Releases: thammegowda/mtdata


26 Apr 05:08
Choose a tag to compare
  • Better parallelization: parallel and mono data are scheduled at once (previously it was one after the other)
  • mtdata cache added. Improves concurrency by supporting multiple recipes
  • Added WMT general test 2022 and 2023
  • Added news commentary 18.1. news crawl 2023
  • mtdata-bcp47 : -p/--pipe to map codes from stdin -> stdout
  • mtdata-bcp47 : --script {suppress-default,suppress-all,express}
  • Uses pigz to read and write gzip files by default when pigz is in PATH. export USE_PIGZ=0 to disable

v0.4.0 - monolingual data, mtdata echo, add new datasets at runtime

27 Mar 04:09
Choose a tag to compare
  • Fix: allenai_nllb.json is now included in #137. Also fixed CI: Travis -> github actions
  • Update ELRC datasets #138. Thanks @AlexUmnov
  • Add Jparacrawl Chinese-Japanese subset #143. Thanks @BrightXiaoHan
  • Add Flores200 dev and devtests #145. Thanks @ZenBel
  • Add support for mtdata echo <ID>
  • dataset entries only store bibtext keys and not full citation text
    • creates index cache as JSONLine file. (WIP towards dataset statistics)
  • Simplified index loading
  • simplified compression format handlers. Added support for opening .bz2 files without creating temp files.
  • all resources are moved to mtdata/resource dir and any new additions to that dir are automatically included in python package (Fail proof for future issues like #137 )

New and exciting features:

  • Support for adding new datasets at runtime (mtdata*.py from run dir). Note: you have to reindex by calling mtdata -ri list
  • Monolingual datasets support in progress (currently testing)
    • Dataset IDs are now Group-name-version-lang1-lang2 for bitext and Group-name-version-lang for monolingual
    • mtdata list is updated. mtdata list -l eng-deu for bitext and mtdata list -l eng for monolingual
    • Added: Statmt Newscrawl, news-discussions, Leipzig corpus, ...
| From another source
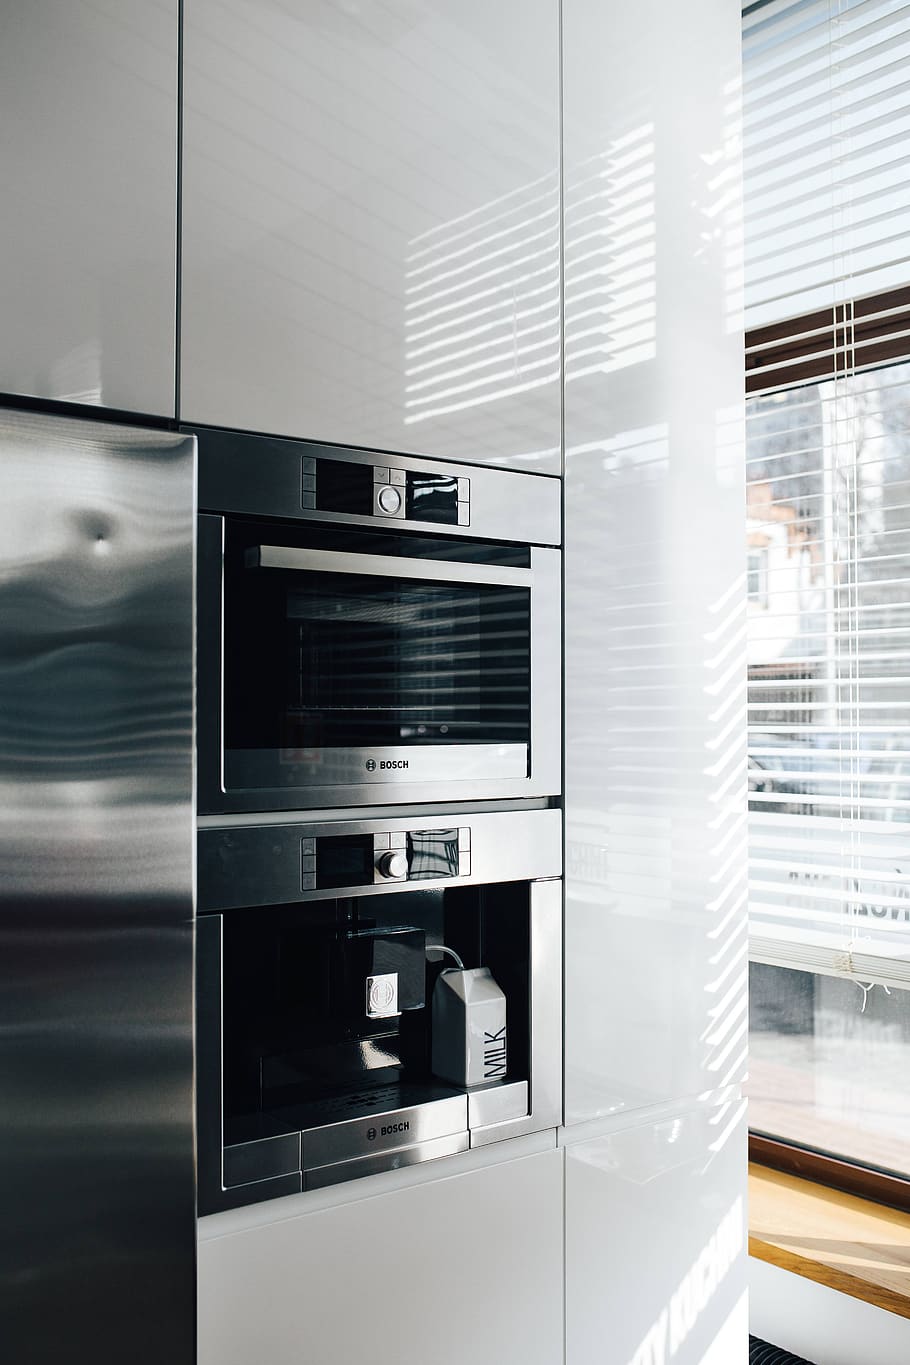 gris, blanco, moderno, contemporáneo, estilo, diseño, cocina, metálico, horno, refrigerador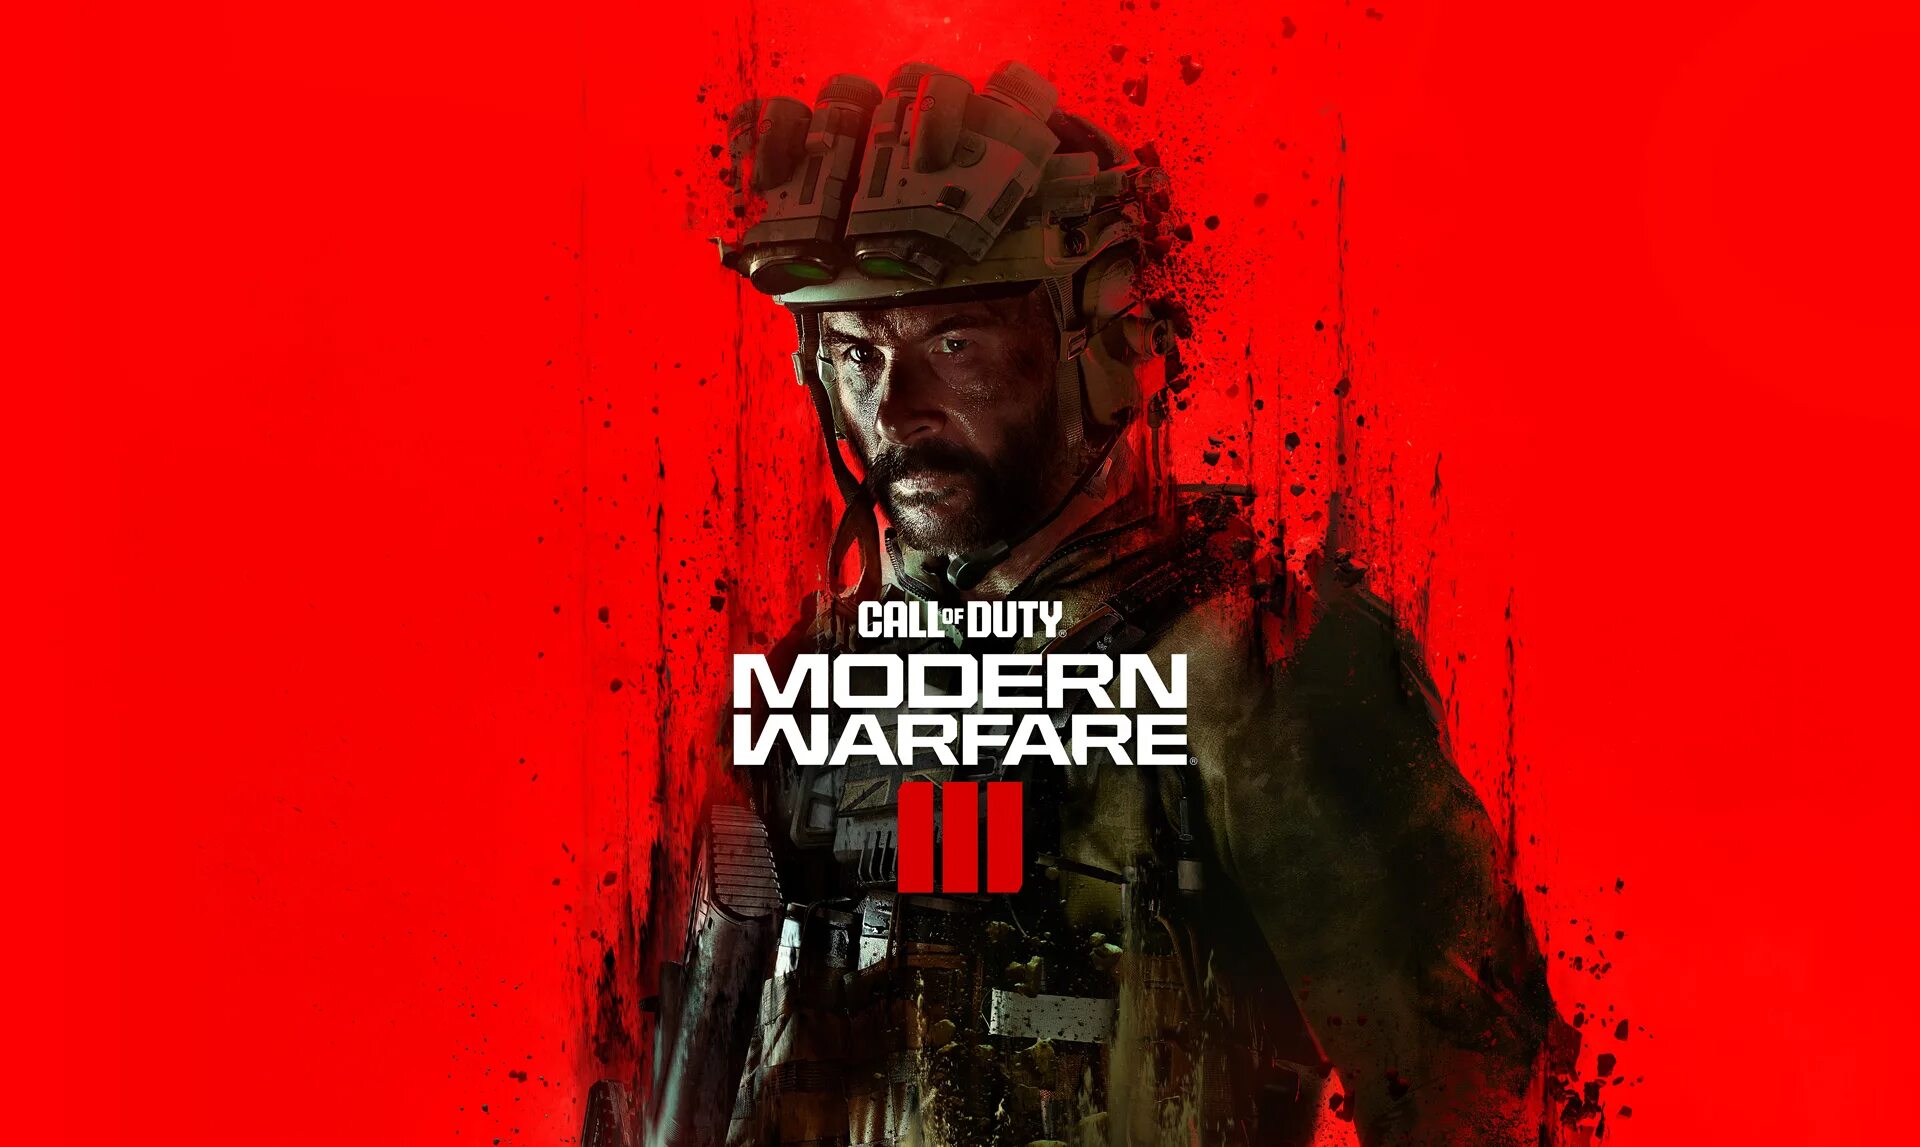 Call of Duty mw3 2023. Call of Duty: Modern Warfare III (2023). Call of Duty Modern Warfare обои. КОЛДА mw3. Купить кал оф дьюти модерн варфаер 3

skipped 0.3.9 because the changes are too significant and wanted to bump from 0.3x -> 0.4x

0.3.8 - log level, progress bar, refresh OPUS and ELRC; stats

25 Nov 03:31
Choose a tag to compare
  • CLI arg --log-level with default set to WARNING
  • progressbar can be disabled from CLI --no-pbar; default is enabled --pbar
  • mtdata stats --quick does HTTP HEAD and shows content length; e.g. mtdata stats --quick Statmt-commoncrawl-wmt19-fra-deu
  • python -m mtdata.scripts.recipe_stats to read stats from output directory
  • Security fix with tar extract | Thanks @TrellixVulnTeam
  • Added NLLB datasets prepared by AllenAI | Thanks @AlexUmnov
  • Opus and ELRC datasets update | Thanks @ZenBel
  • default for fail_on_error is set to true; returns non zero exit code on error. set --no-fail flag to ignore errors while mtdata get command


11 Jul 20:43
Choose a tag to compare

Update ELRC data including EU acts which is used for wmt22 (thanks @kpu)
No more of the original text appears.